Saturday, March 13, 2010

Feels like a binge

I feel like I binged already today or maybe it's just in my head. When I think about food or see it, I feel as though it's swallowed me...or rather, I've swallowed it. Its mere appearance seems to add pounds to my already large frame, and I feel completely disgusted and utter revulsion. So far today, I have had a medium coffee with a dash of skim milk (20 cals? 50 just to be safe), a caramel light frappuccino from Starbucks (160 cals...ugh!), part of a fundip (10 cals), and gum (50 cals?). I know I'm overexaggerating all of the calories, but I want to be safe. I don't want to unwittingly wake up tomorrow 50 lbs heavier because I didn't calculate correctly. The Starbucks was probably my biggest fault, so I can't eat anymore today. And I'm drinking a sugarfree Red Bull, which is 10 calories.

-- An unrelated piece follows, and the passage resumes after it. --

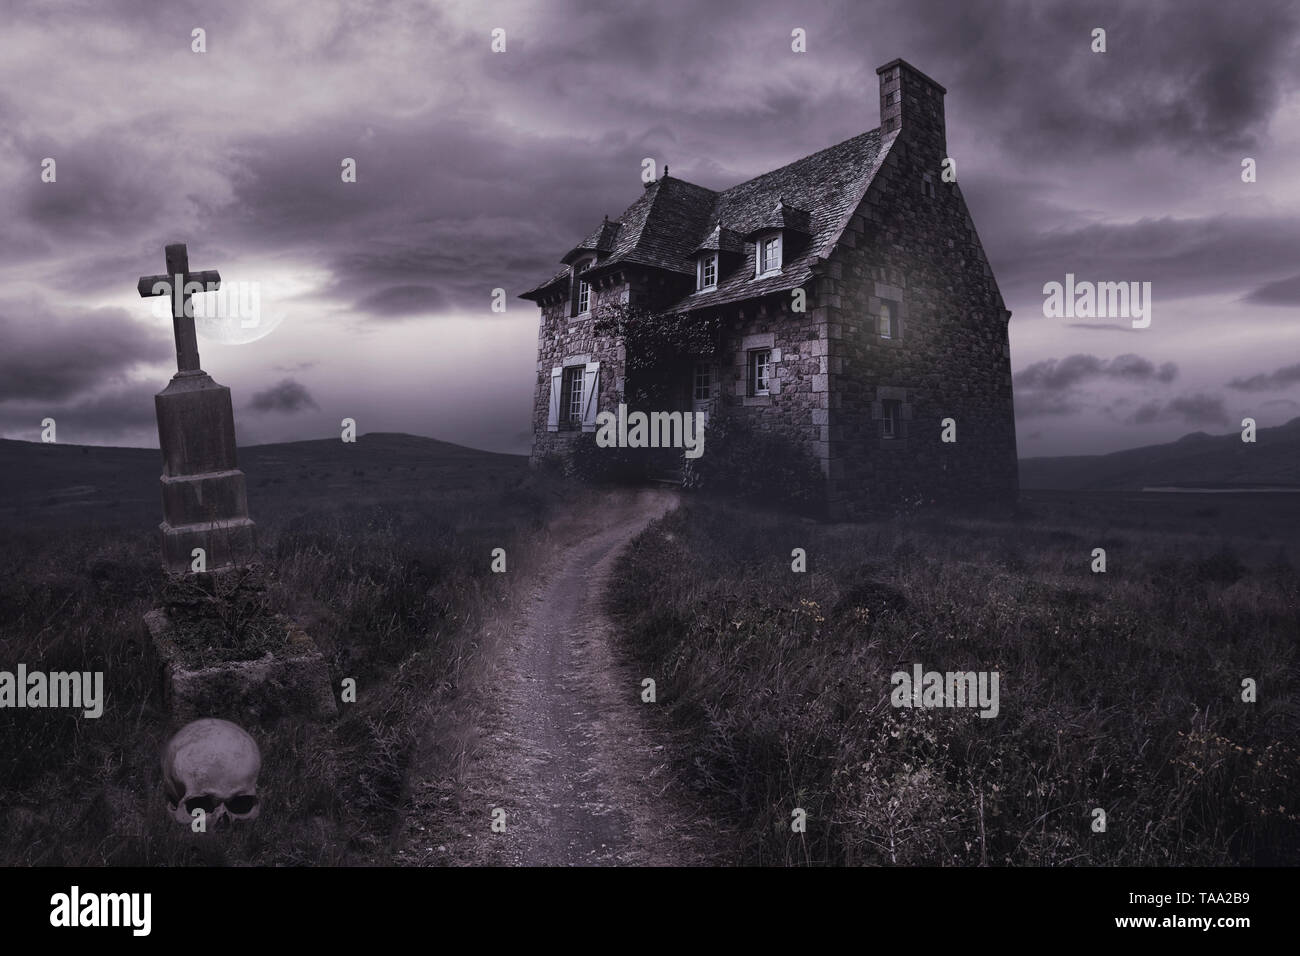 Halloween apocalyptique paysage avec maison ancienne, du crâne et de graves Banque D'Images

I'm having a mini panic attack in the bookstore. I'm just thinking about how horribly I've eaten, how horrendous I look, and how there's this really skinny bitch sitting a few tables away from me without a care in the world. I bought fun dip at Target because it's 50 calories per little pack, and it's not something you can eat much of before it literally destroys your mouth with its sweetness. I never bit the stick, and I had less than half of the powder. It took so much willpower to even open the packet because I felt guilty for just looking at it, let alone actually licking that calorie loaded sugar concoction. So after quickly feeling nauseating and like a complete waste of human flesh, I threw it away and bought my Red Bull and water instead. I'll probably get some black coffee when I'm done because I'm in dire need of caffeine.

Perhaps I'm getting to the point where I just can't eat at all. I feel repulsed, and my body might literally reject food. It's happened many times before. At least I lost 3 pounds from yesterday. But I still feel like a failure. I can't help it.